■ Exercise data:
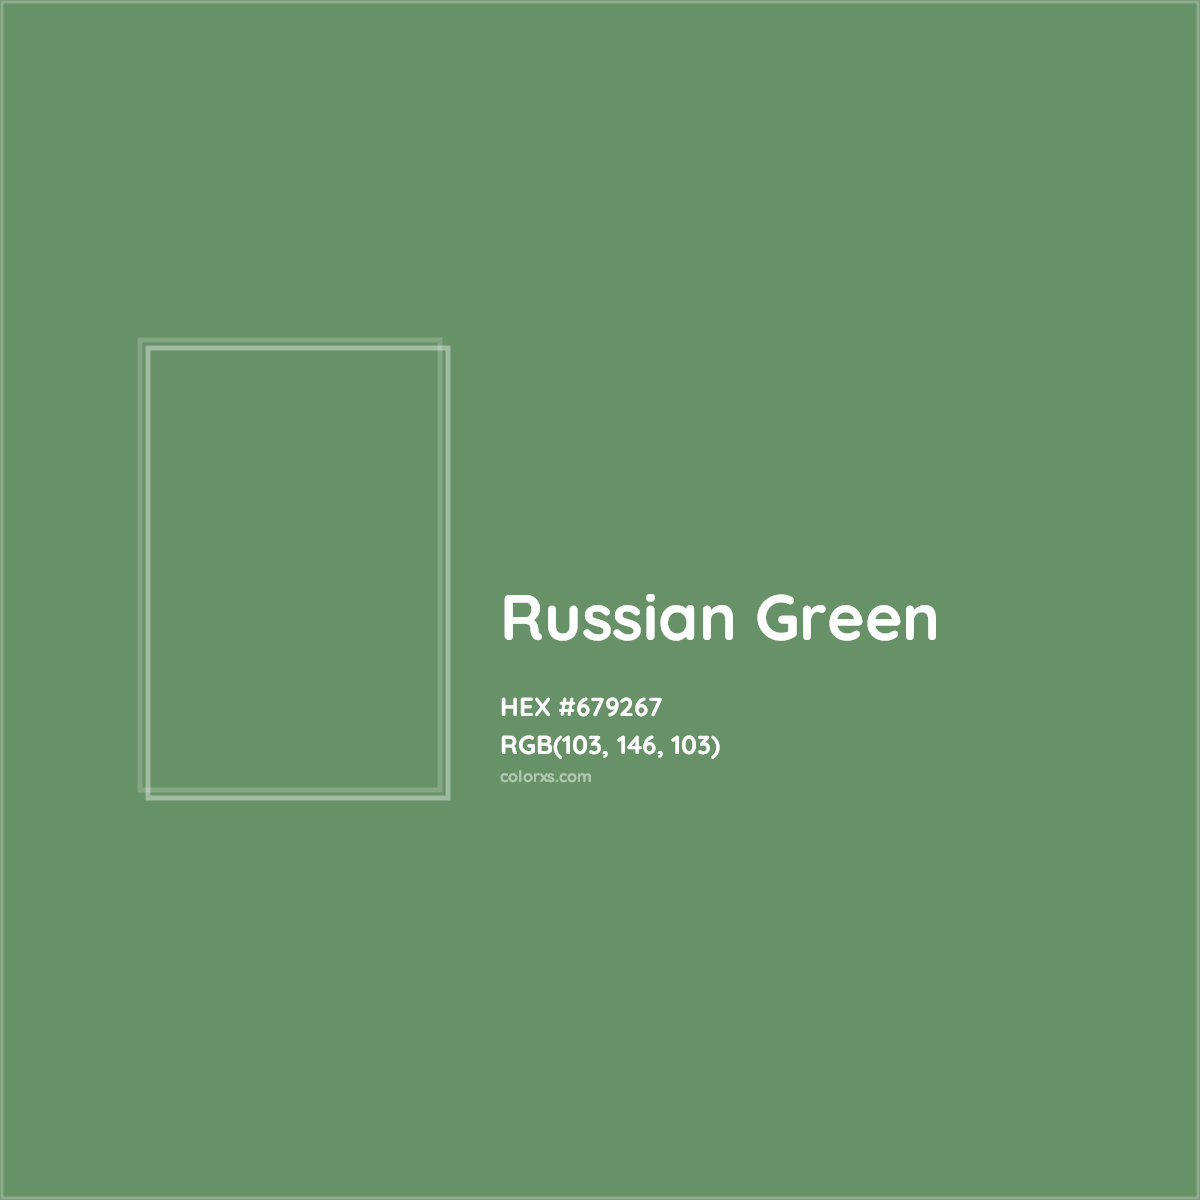 HEX #679267 Russian Green Color - Color Code
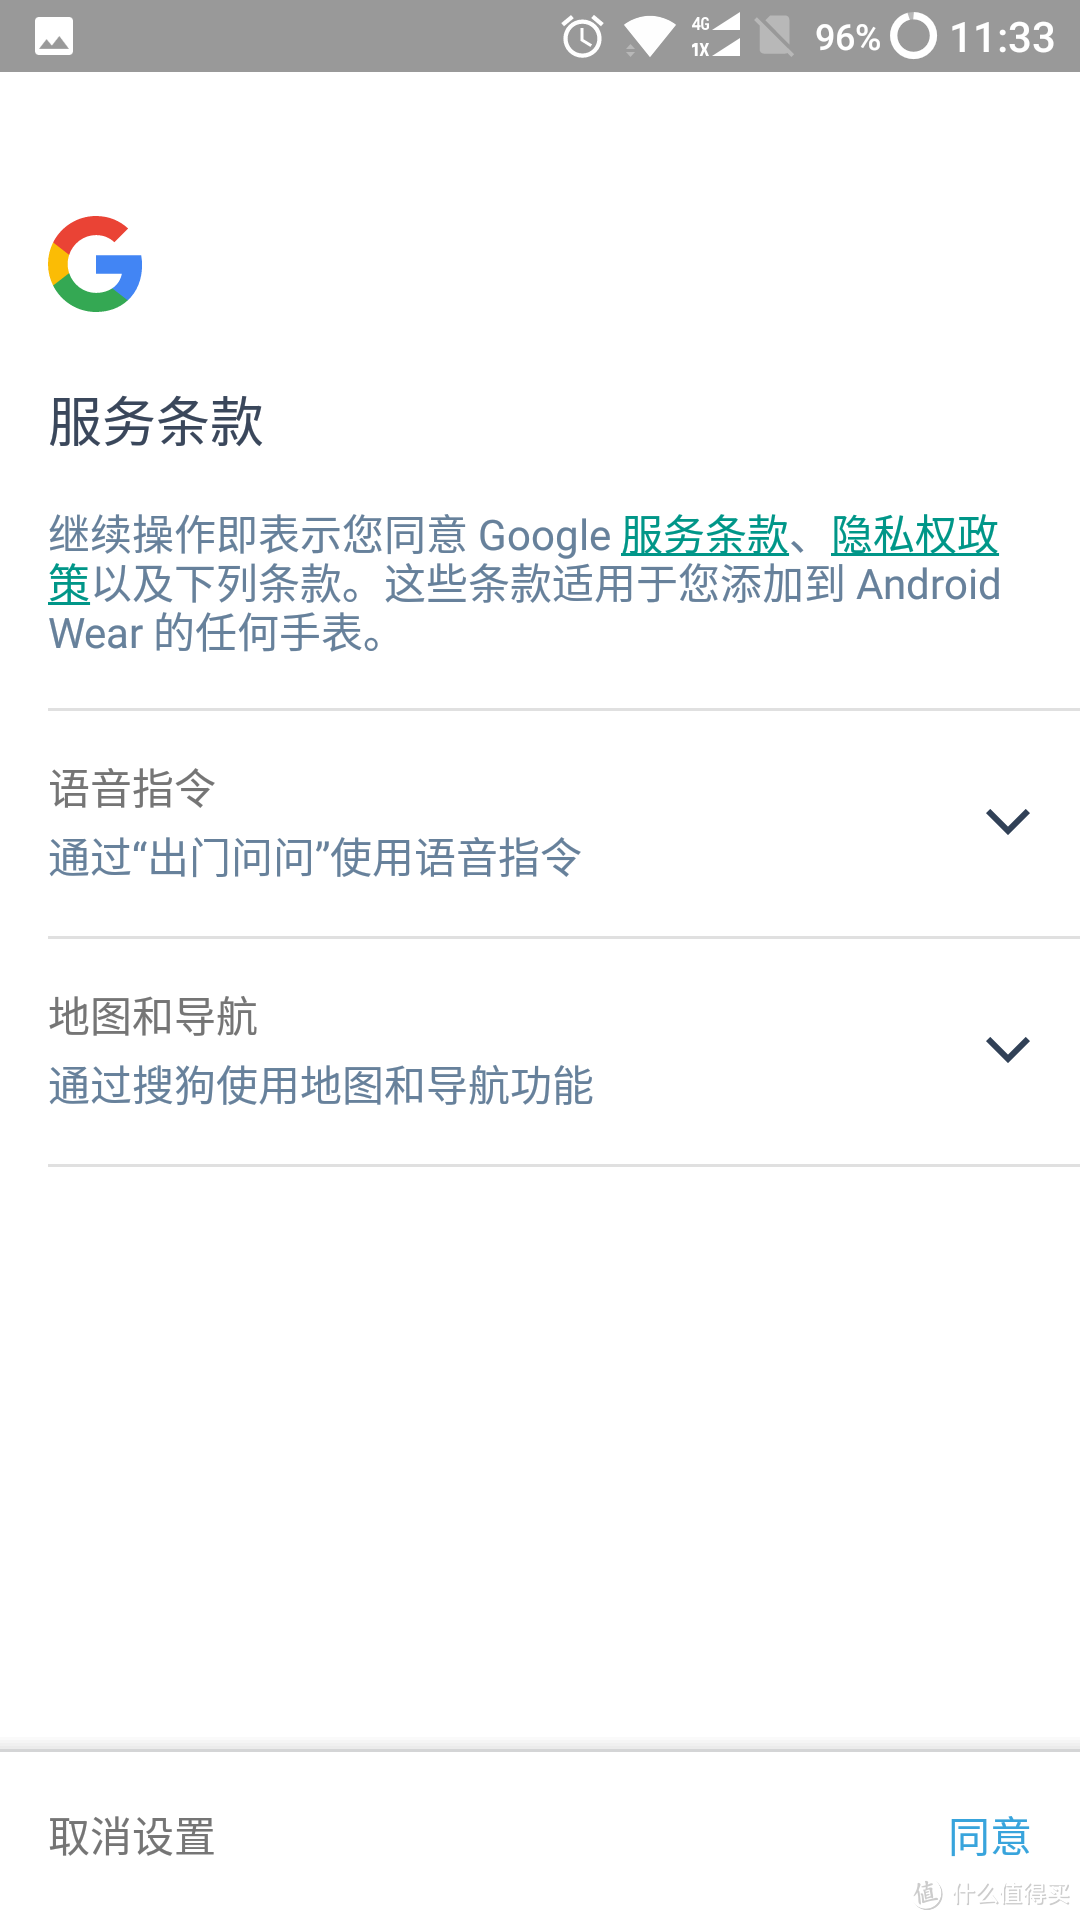 需要下载Android Wear 中国版
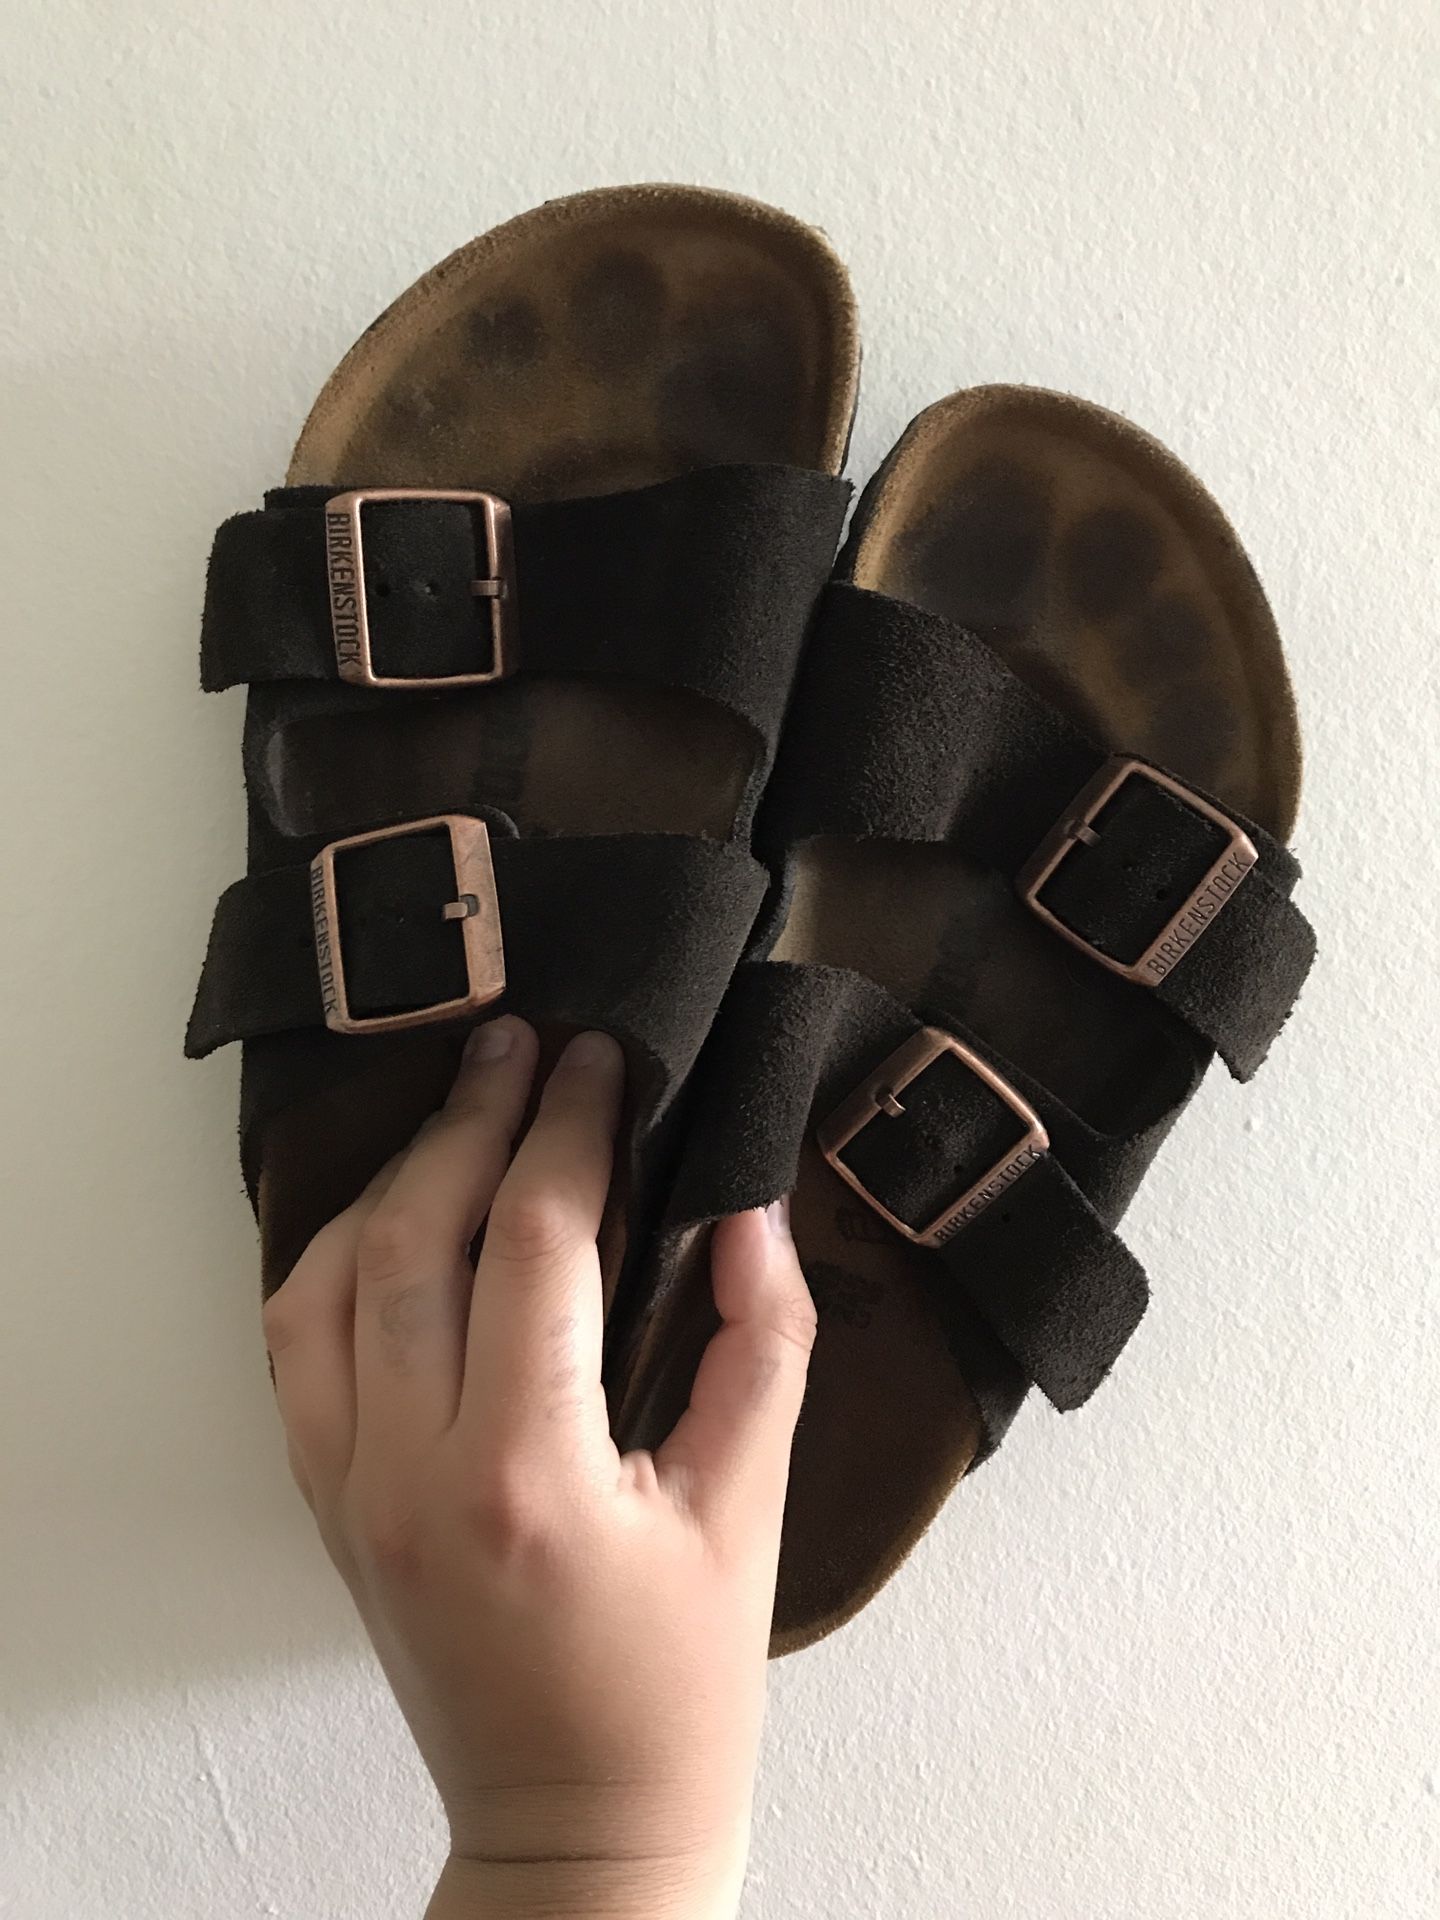 Birkenstocks - women's brown size 38 (7-7.5) sandals
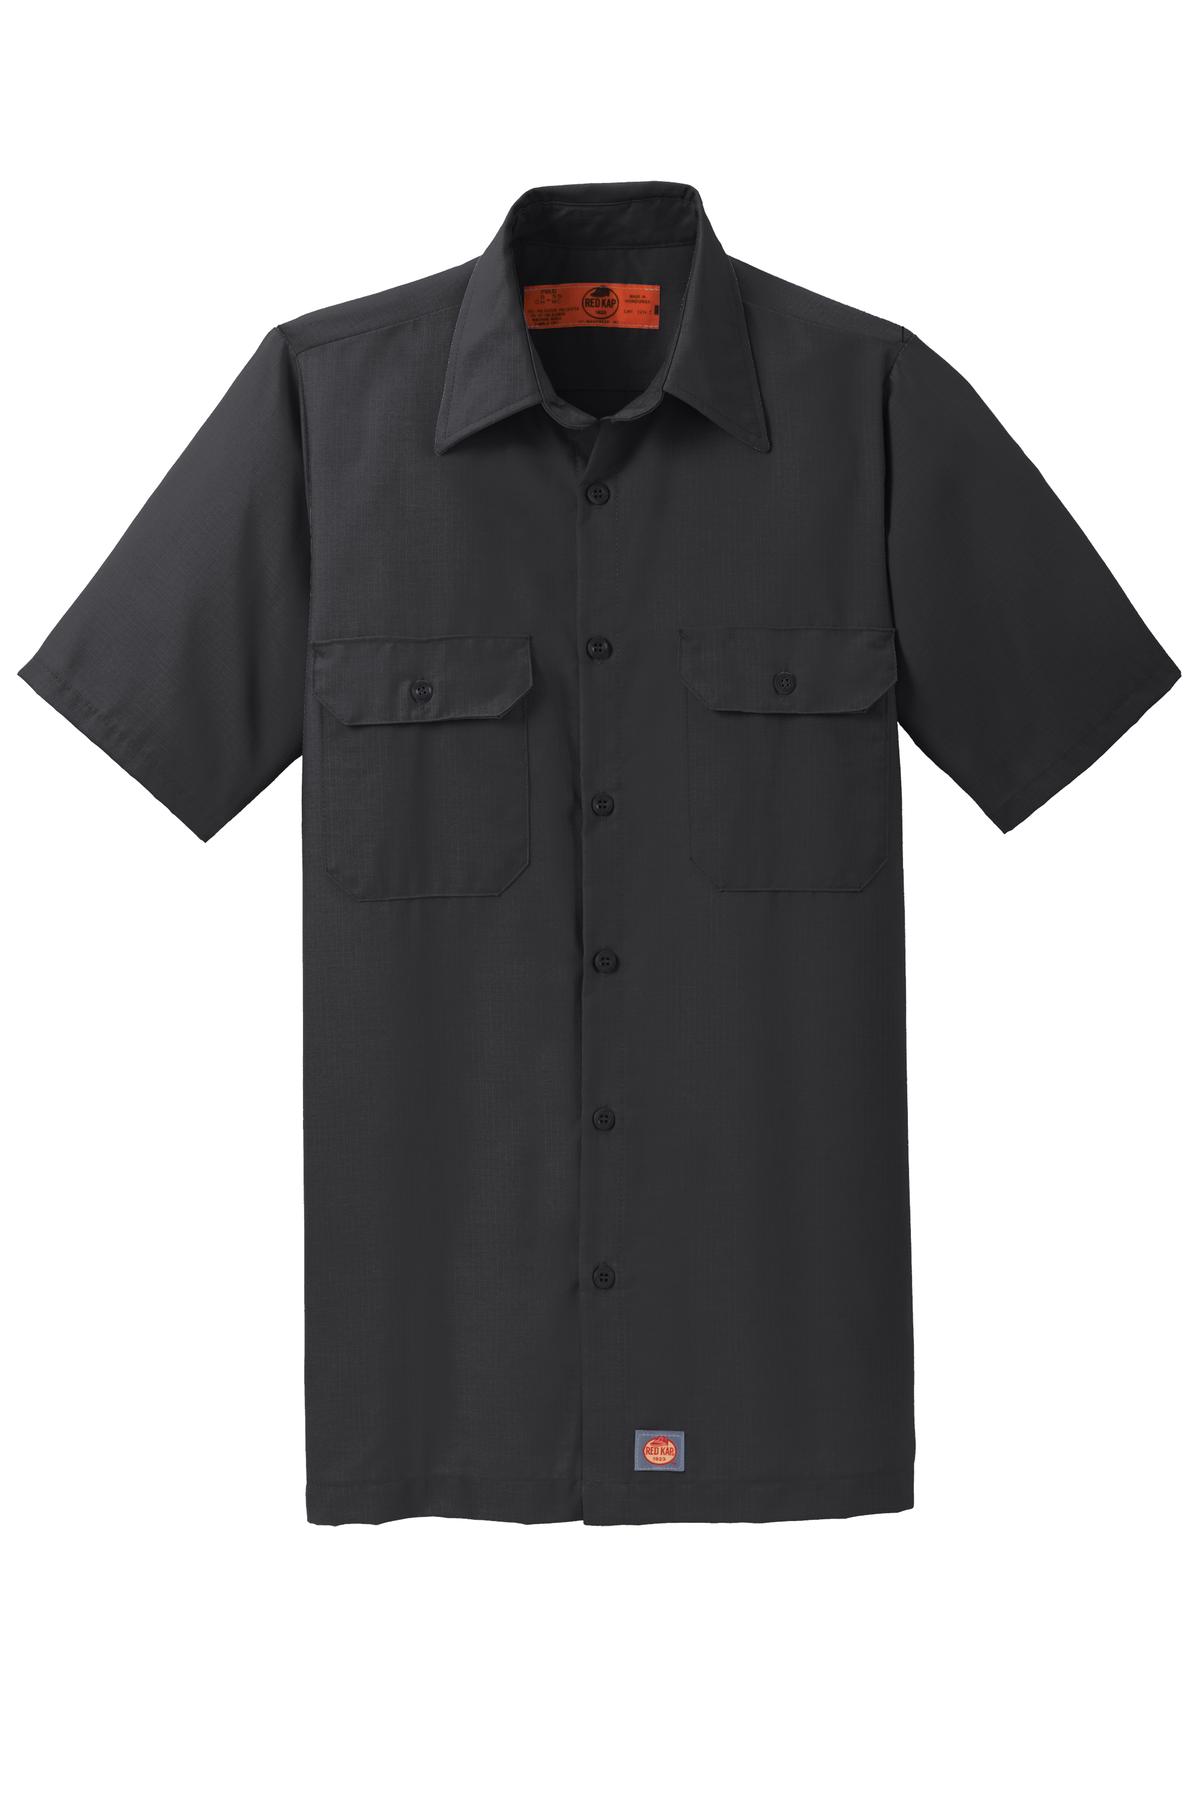 Red Kap ® Short Sleeve Solid Ripstop Shirt. SY60 - Custom Shirt Shop

■ Task statement: Please return the lines above exactly, with the pictures omitted.

■ Response area:
 HEX #679267 Russian Green Color - Color Code
 需要下载Android Wear 中国版
 Birkenstocks - women's brown size 38 (7-7.5) sandals
 Red Kap ® Short Sleeve Solid Ripstop Shirt. SY60 - Custom Shirt Shop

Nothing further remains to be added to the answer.